Given data

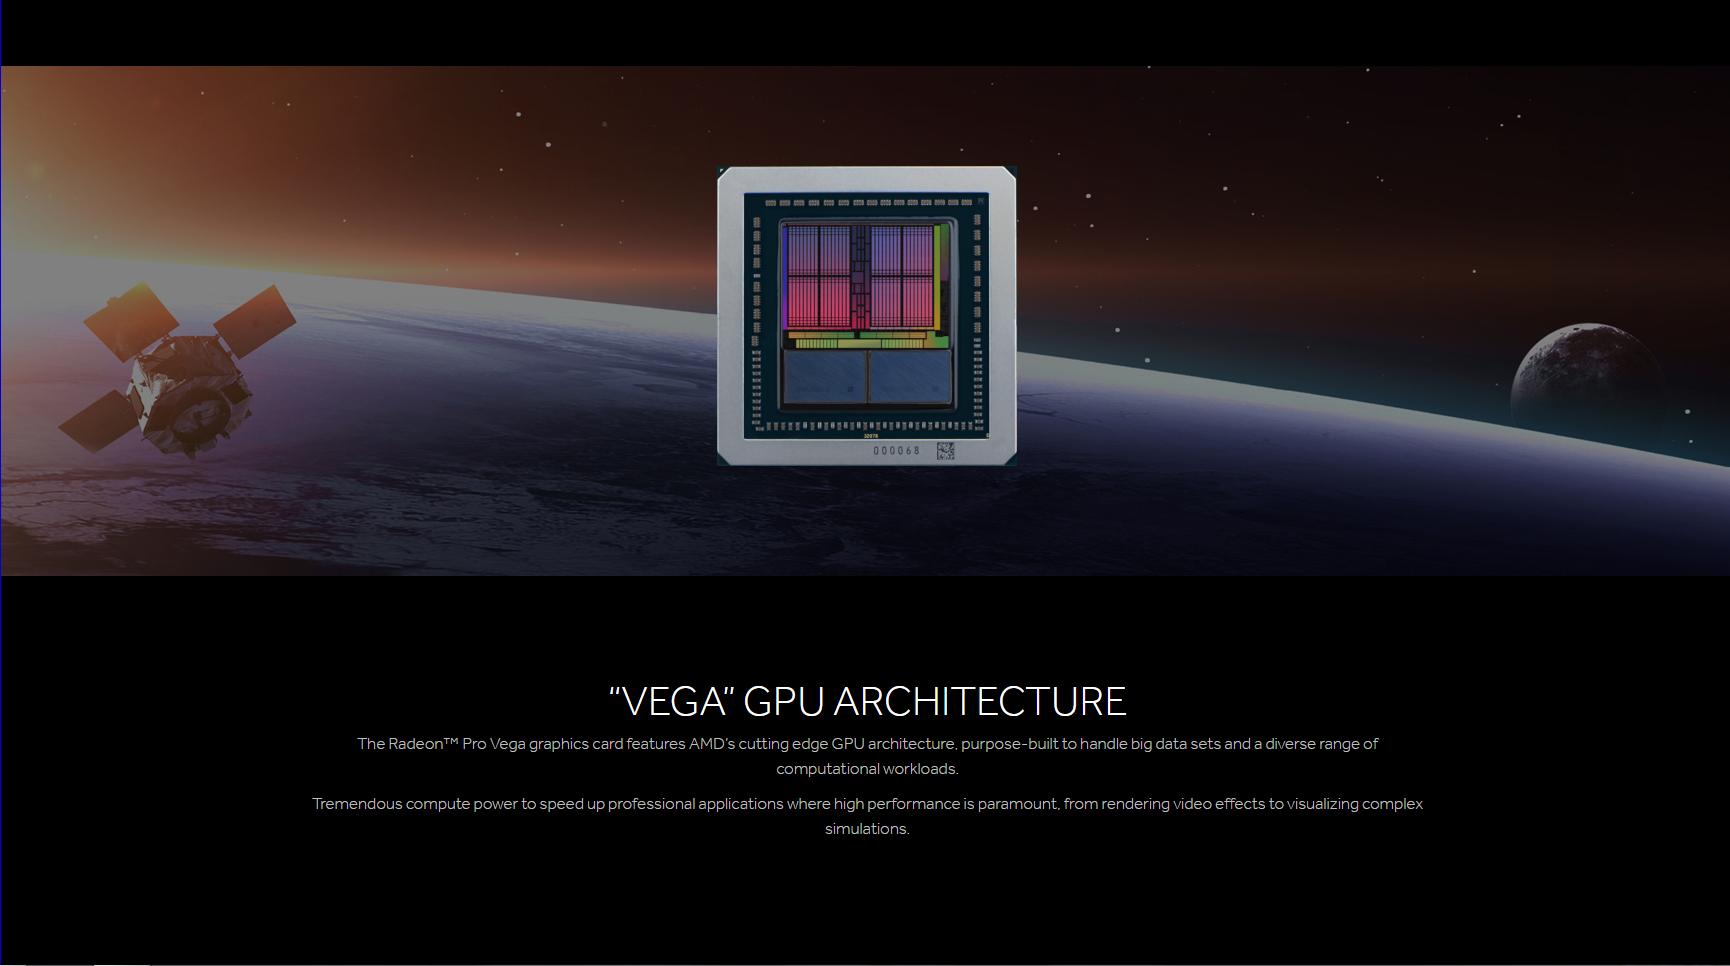 AMD Debuts Radeon Pro Vega 64 & Vega 56 - 25-22 TFLOPS
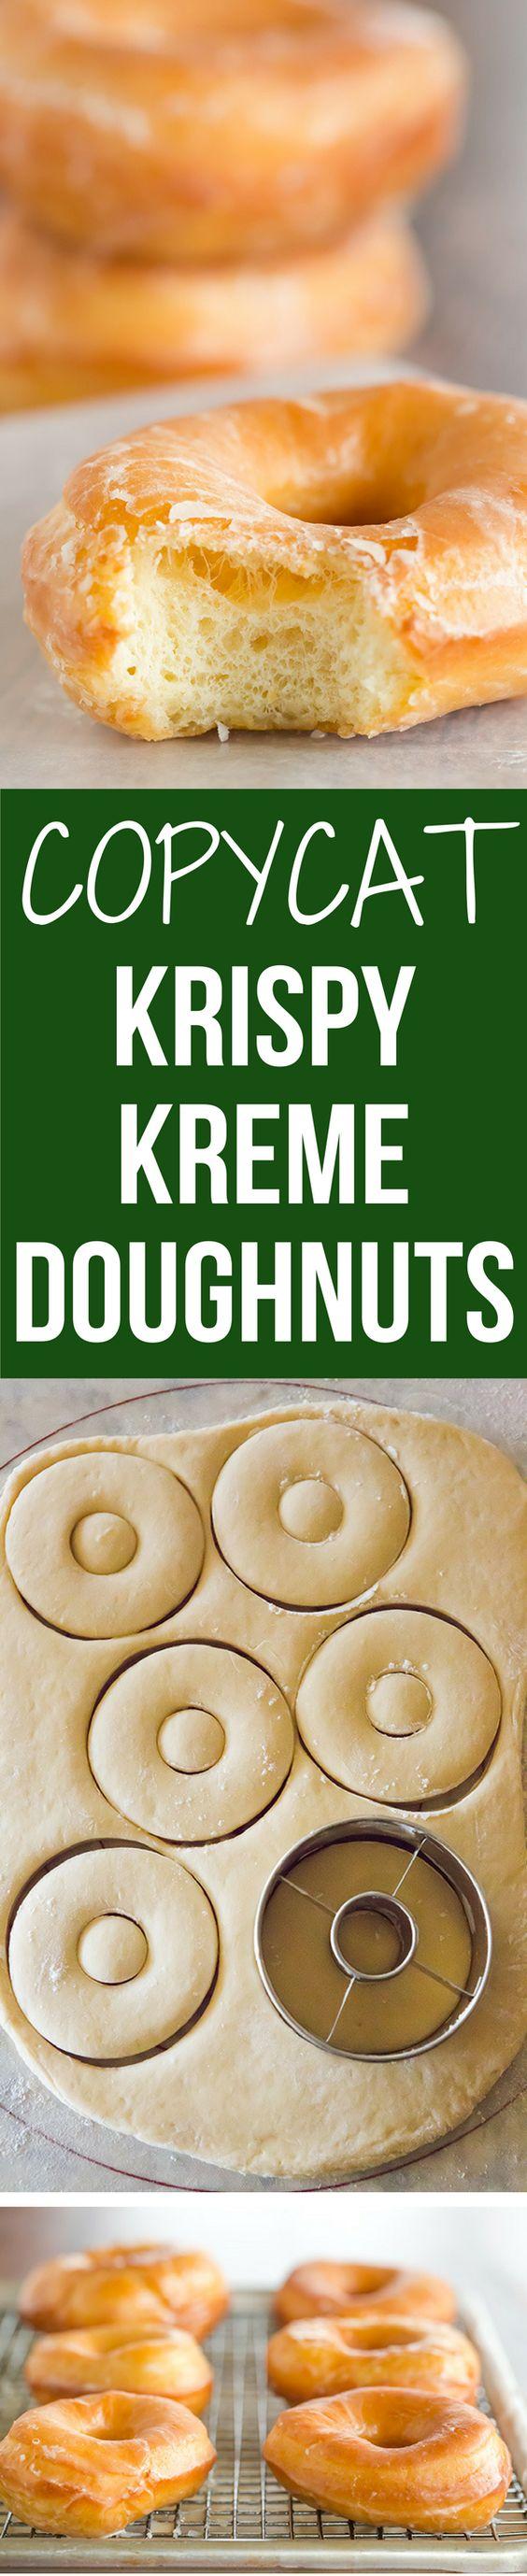 Copycat Krispy Kreme Doughnuts - A copycat recipe for Krispy Kreme doughnuts – they're light, airy and covered in a barely-there glaze.
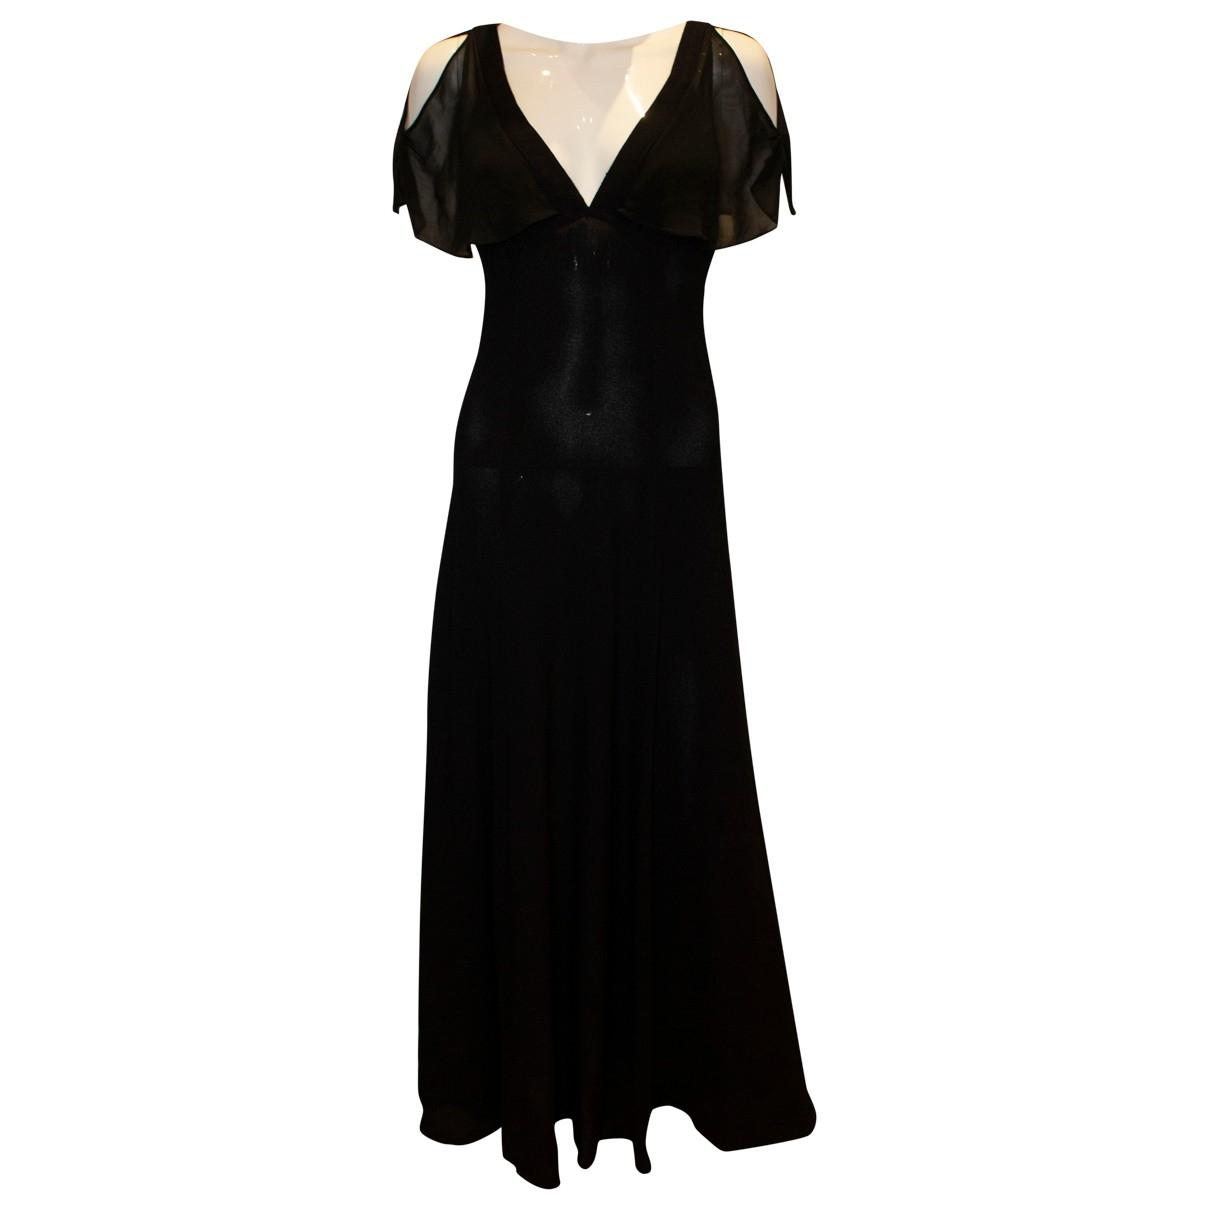 Radley London \N Kleid in  Schwarz Synthetik
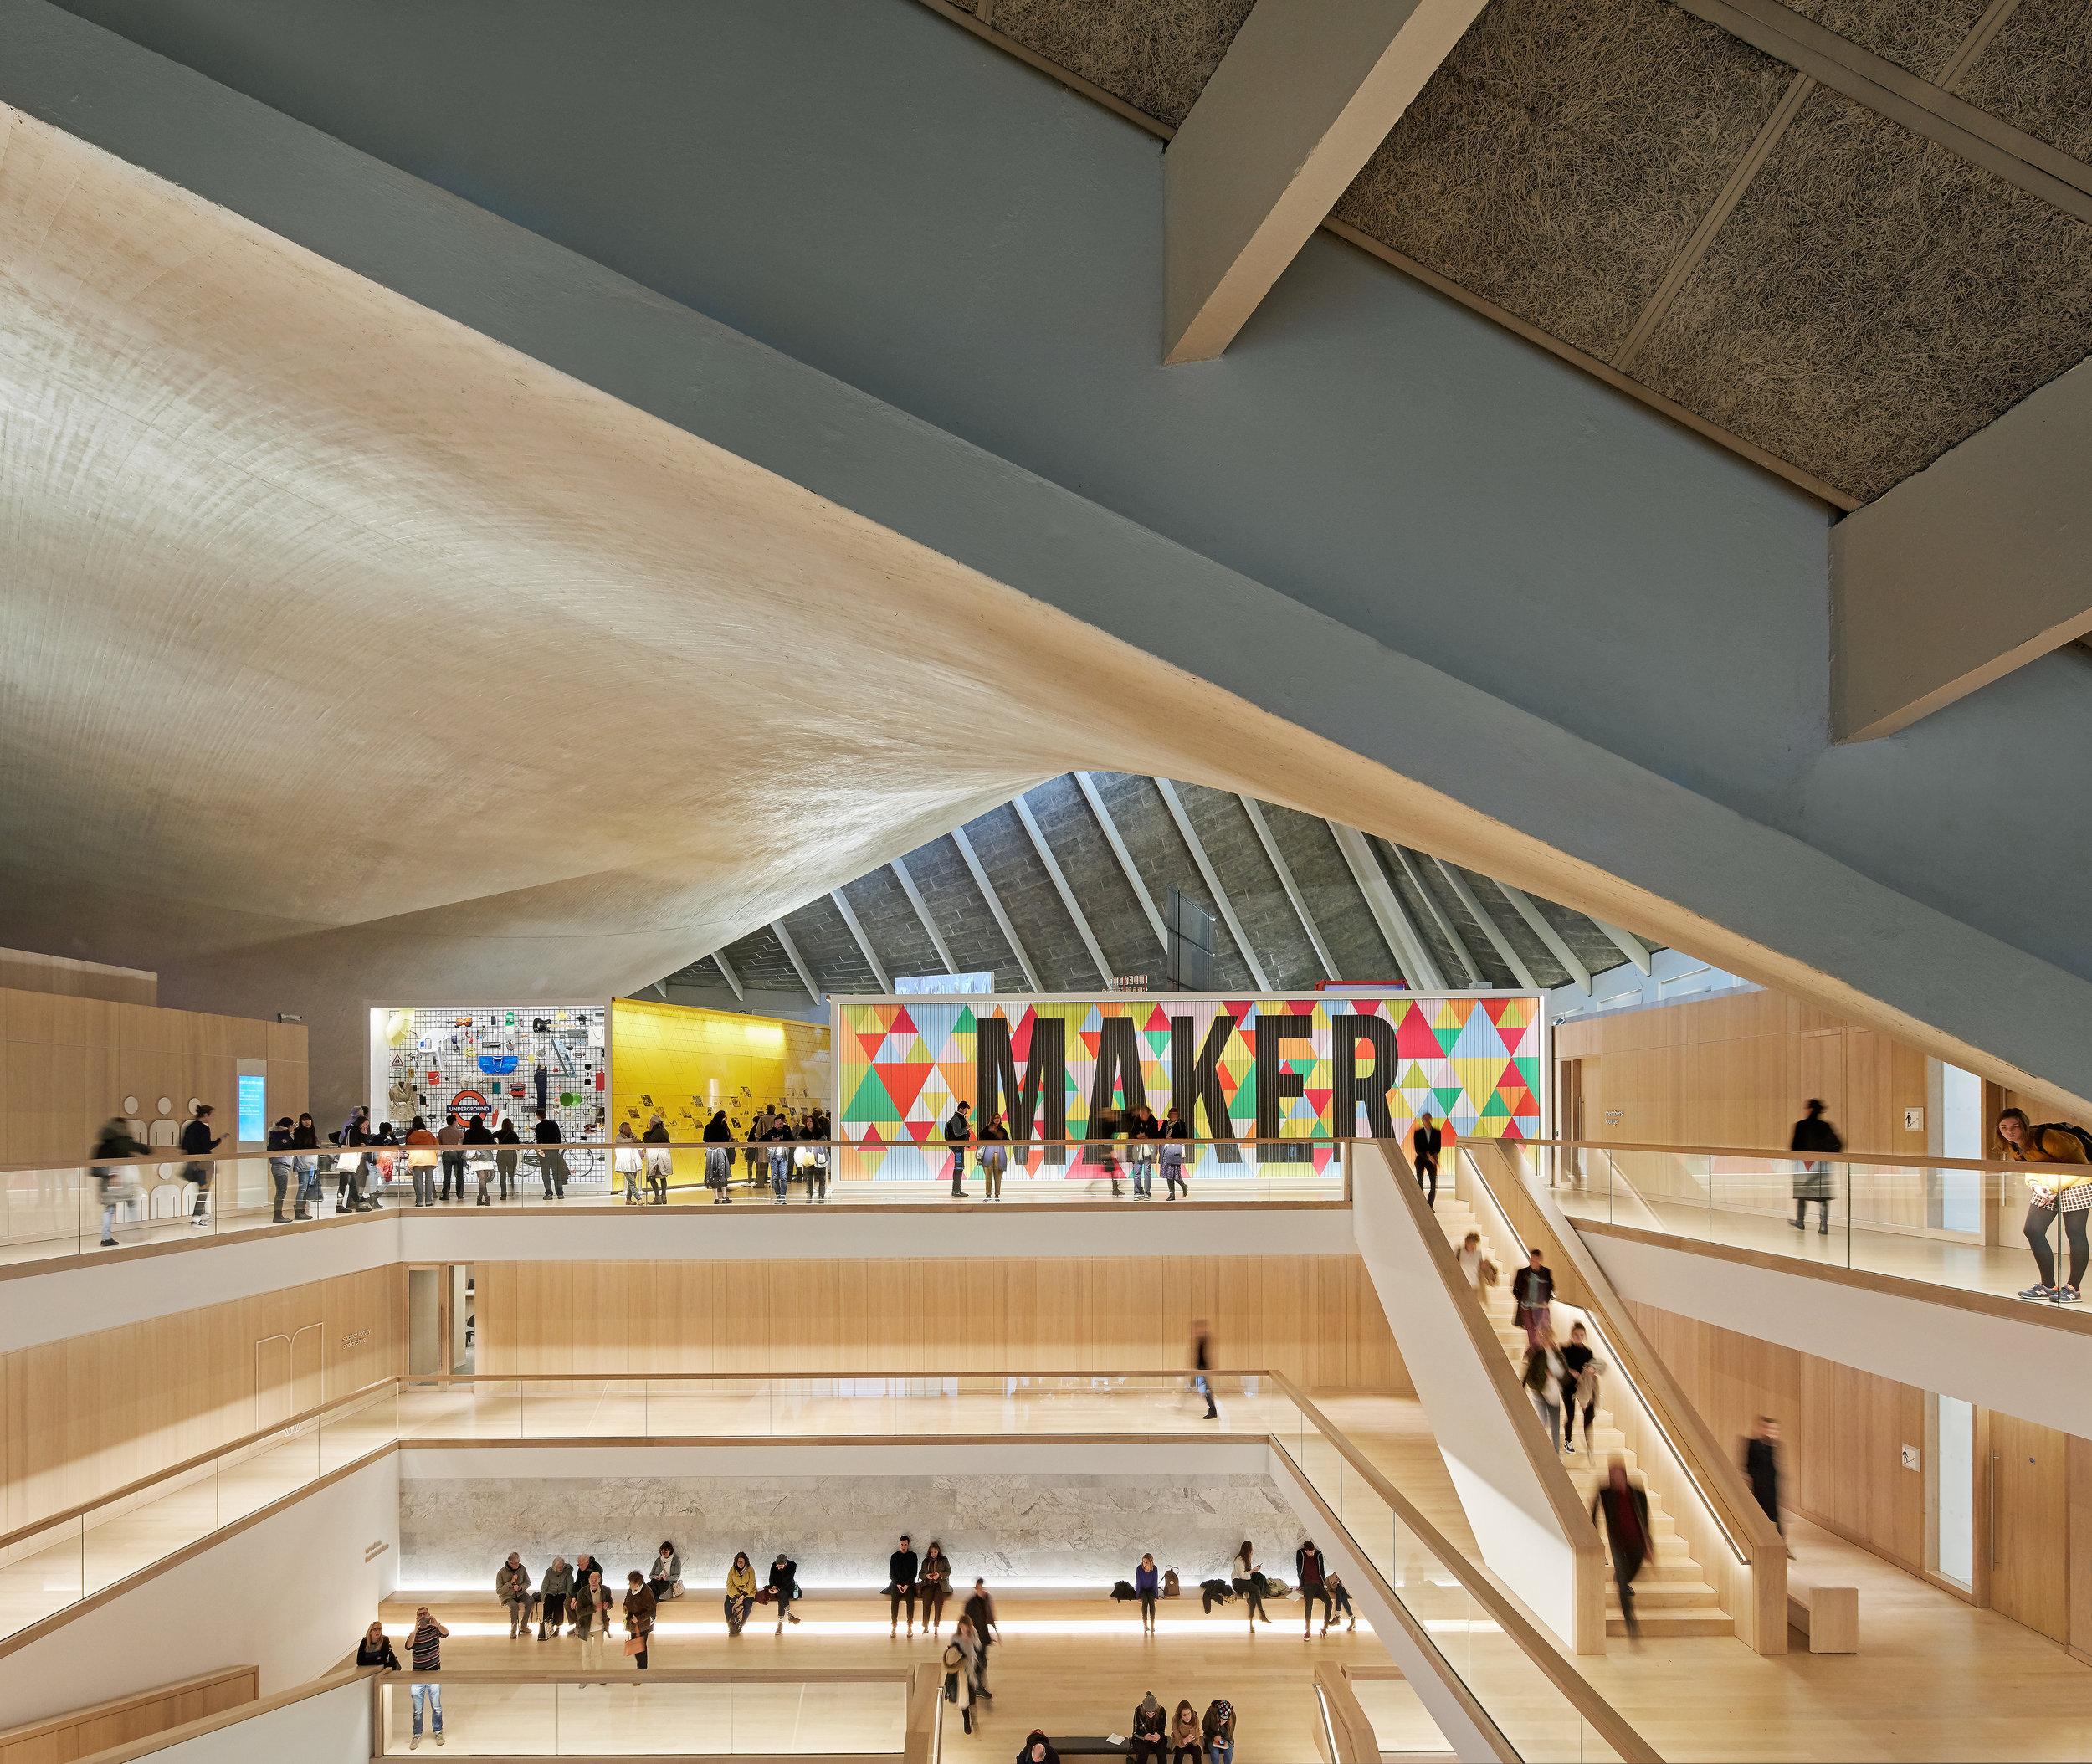 Image courtesy of Design Museum. © Hufton + Crow

What needs to be done
Retype all the data exactly; skip the pictures.

Written response
 AMD Debuts Radeon Pro Vega 64 & Vega 56 - 25-22 TFLOPS
 Copycat Krispy Kreme Doughnuts - A copycat recipe for Krispy Kreme doughnuts – they're light, airy and covered in a barely-there glaze.
 Radley London \N Kleid in  Schwarz Synthetik
 Image courtesy of Design Museum. © Hufton + Crow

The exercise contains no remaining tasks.